Calculate the surface area of a triangular prism shaped tent if the height is 9 ft., the length is 24 ft., the width is 20 ft., and the hypotenuse of the cover is 13.45 ft.
First, we need to calculate the area of each triangular end of the prism. We can do this using the formula for the area of a triangle:
Area of triangle = 0.5 x base x height
The height of each end triangle is 9 ft, and the base is half the width, which is 10 ft. To find the length of the other side of the triangle, we can use the Pythagorean theorem: a^2 + b^2 = c^2. In this case, a and b are the two sides of the triangle that we know (9 ft and 10 ft), and c is the hypotenuse of the cover, which is 13.45 ft.

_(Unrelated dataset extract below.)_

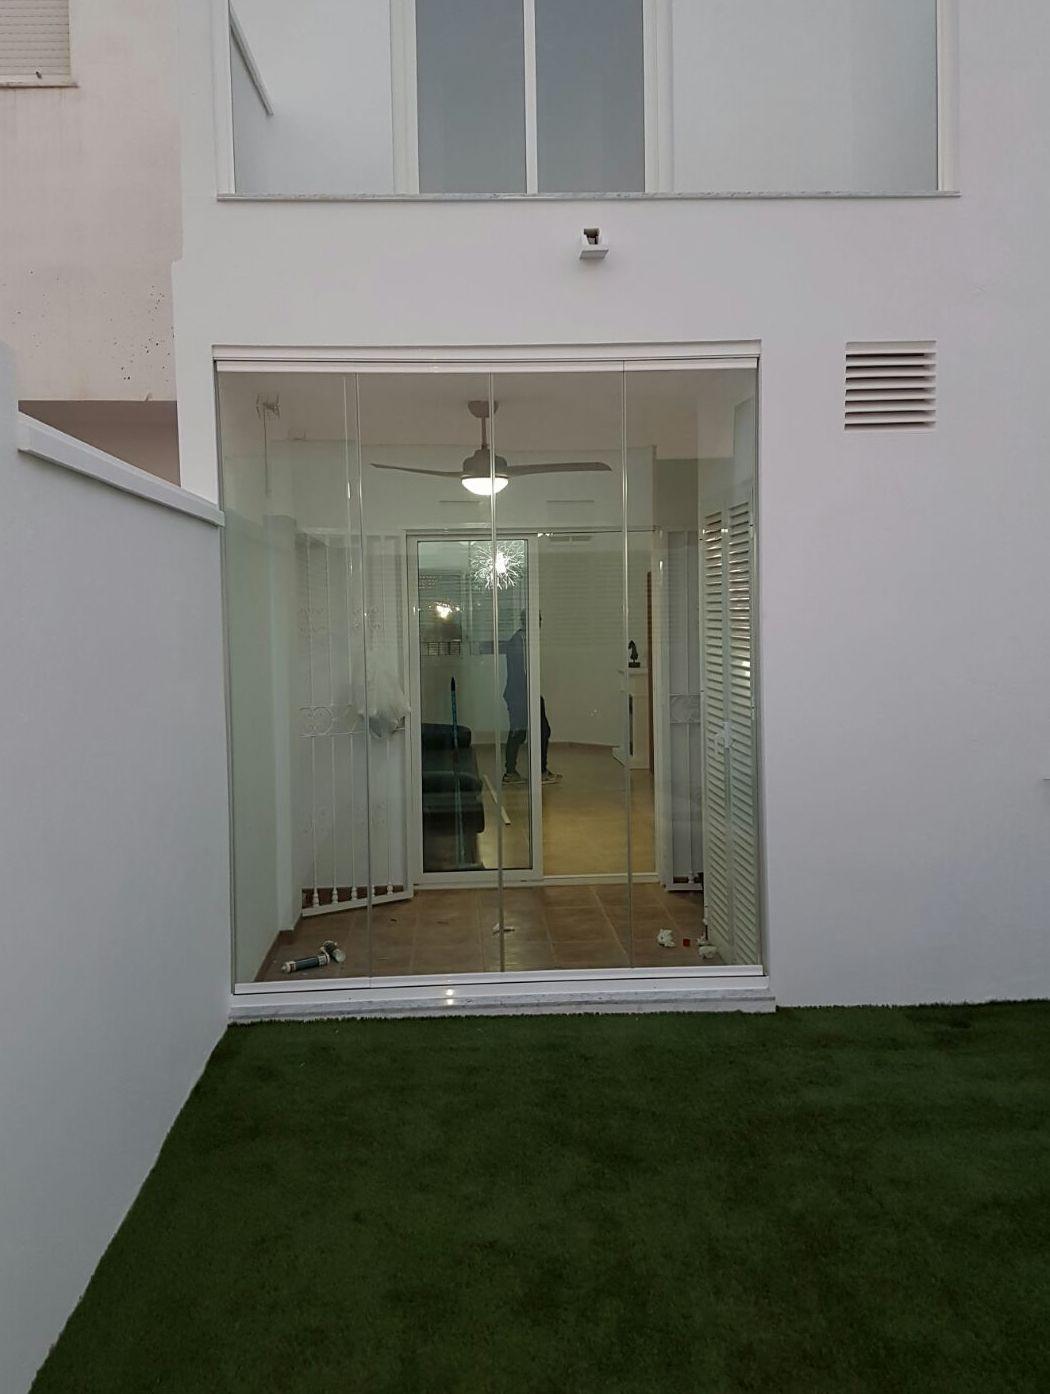 Foto 68 de Cerramientos y techos de cristal en El Ejido | Acristalamientos Diansa
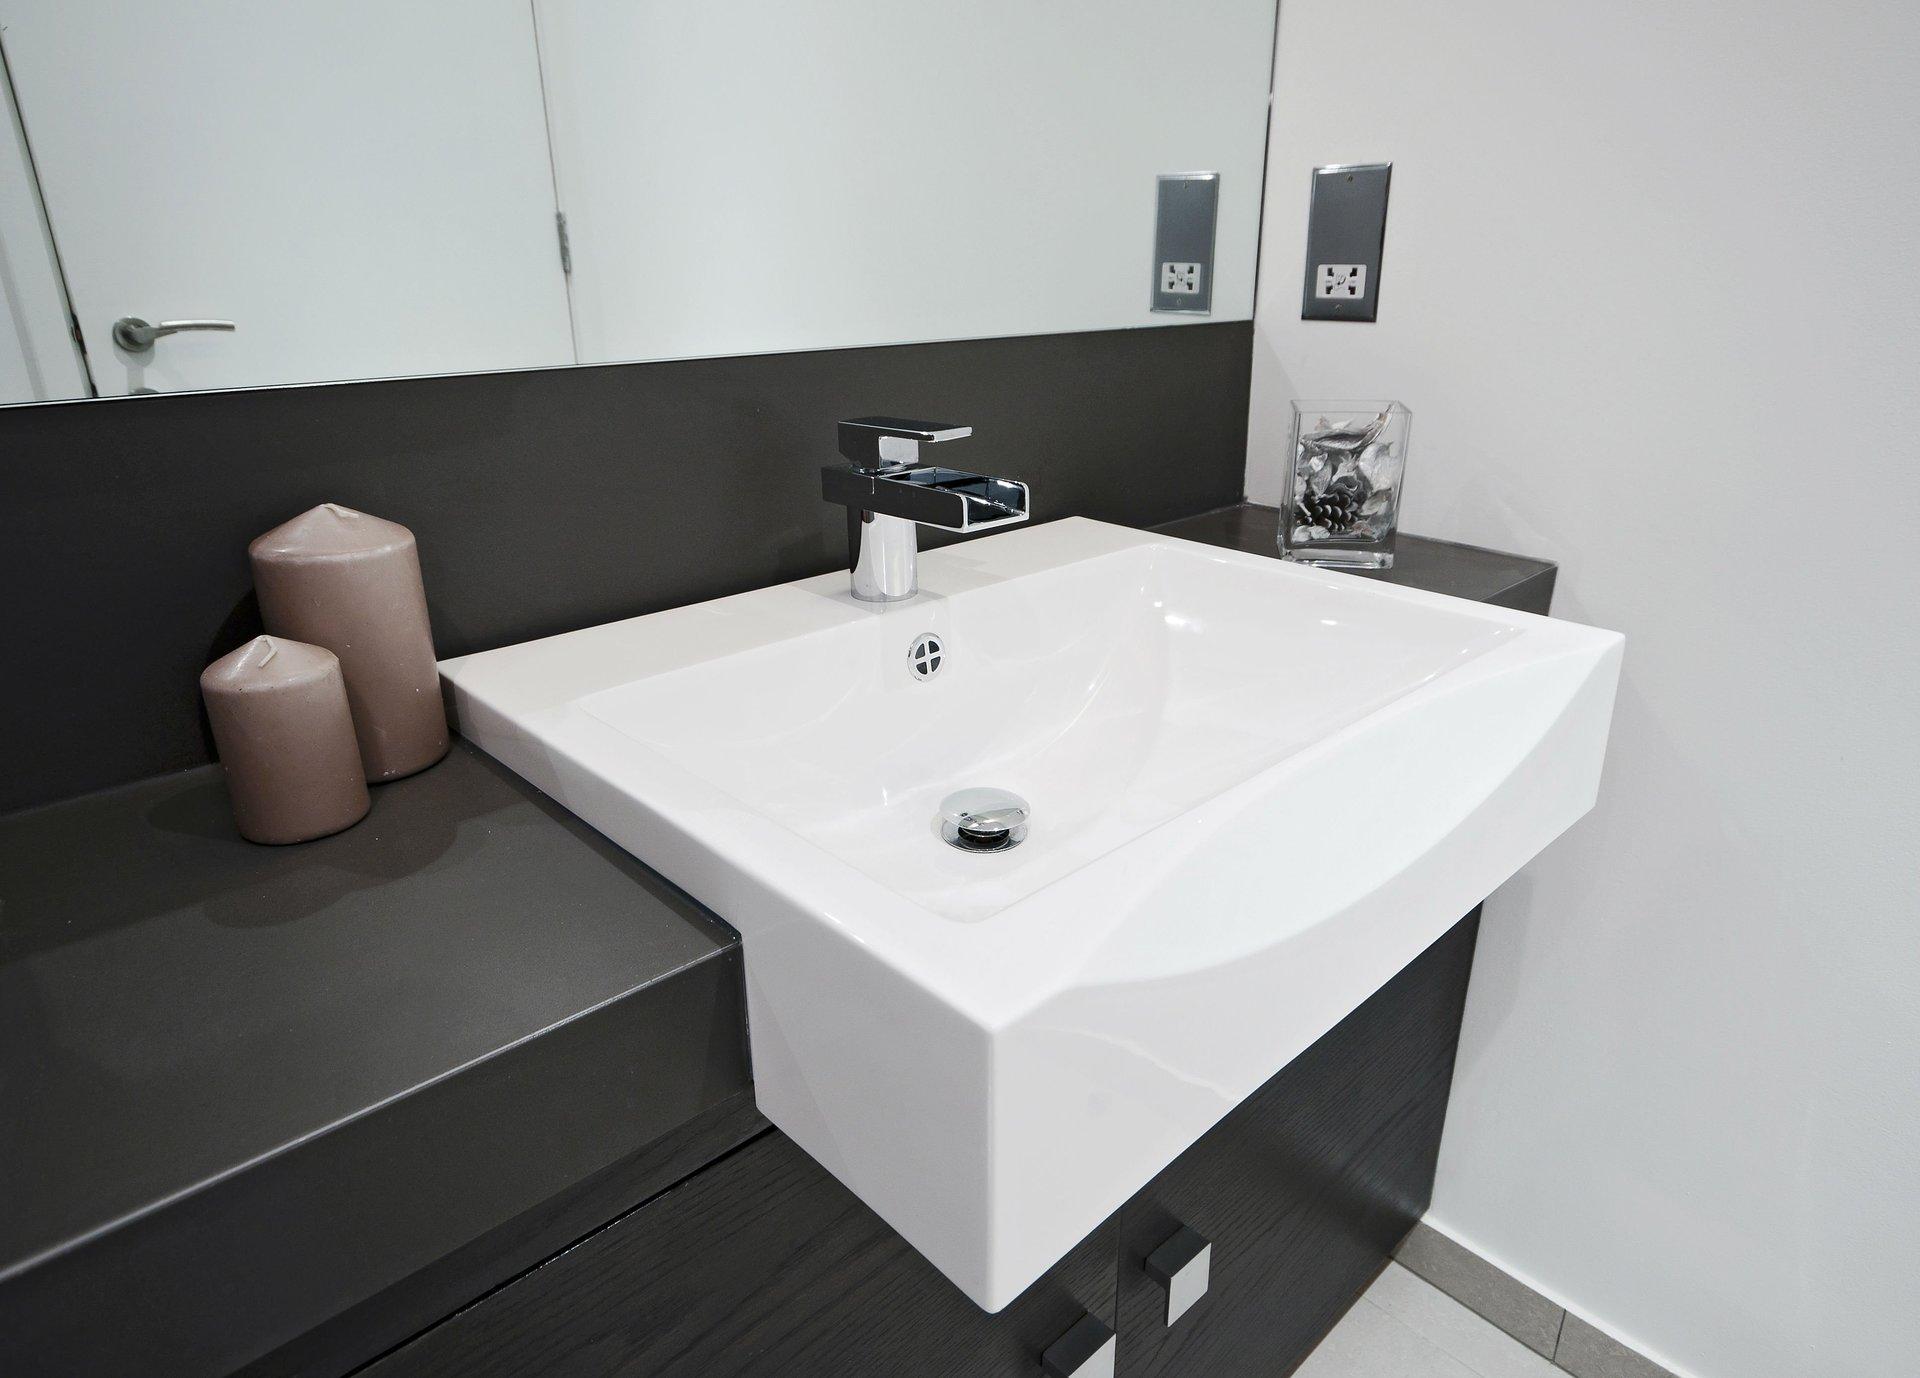 un lavabo rettangolare e un mobile di color grigio scuro

Solving for the missing side, we get:
a^2 + b^2 = c^2
9^2 + 10^2 = 13.45^2
81 + 100 = 181.4
sqrt(181.4) = 13.47
So the length of each side of the triangular end is approximately 13.47 ft. Using the formula above, we can find the area of each end:
Area of end triangle = 0.5 x base x height
= 0.5 x 10 ft x 9 ft
= 45 sq ft
To calculate the area of the rectangular sides of the prism, we can use the formula for the area of a rectangle:
Area of rectangle = length x width
The length of the rectangle is 24 ft and the width is 20 ft, so the area of each of the two rectangular sides is:
Area of rectangular side = length x width
= 24 ft x 20 ft
= 480 sq ft
Adding up the areas of the two end triangles and the two rectangular sides, we get the total surface area of the triangular prism tent:
Total surface area = 2 x area of end triangle + 2 x area of rectangular side
= 2 x 45 sq ft + 2 x 480 sq ft
= 90 sq ft + 960 sq ft
= 1050 sq ft
Therefore, the surface area of the triangular prism tent is 1050 square feet.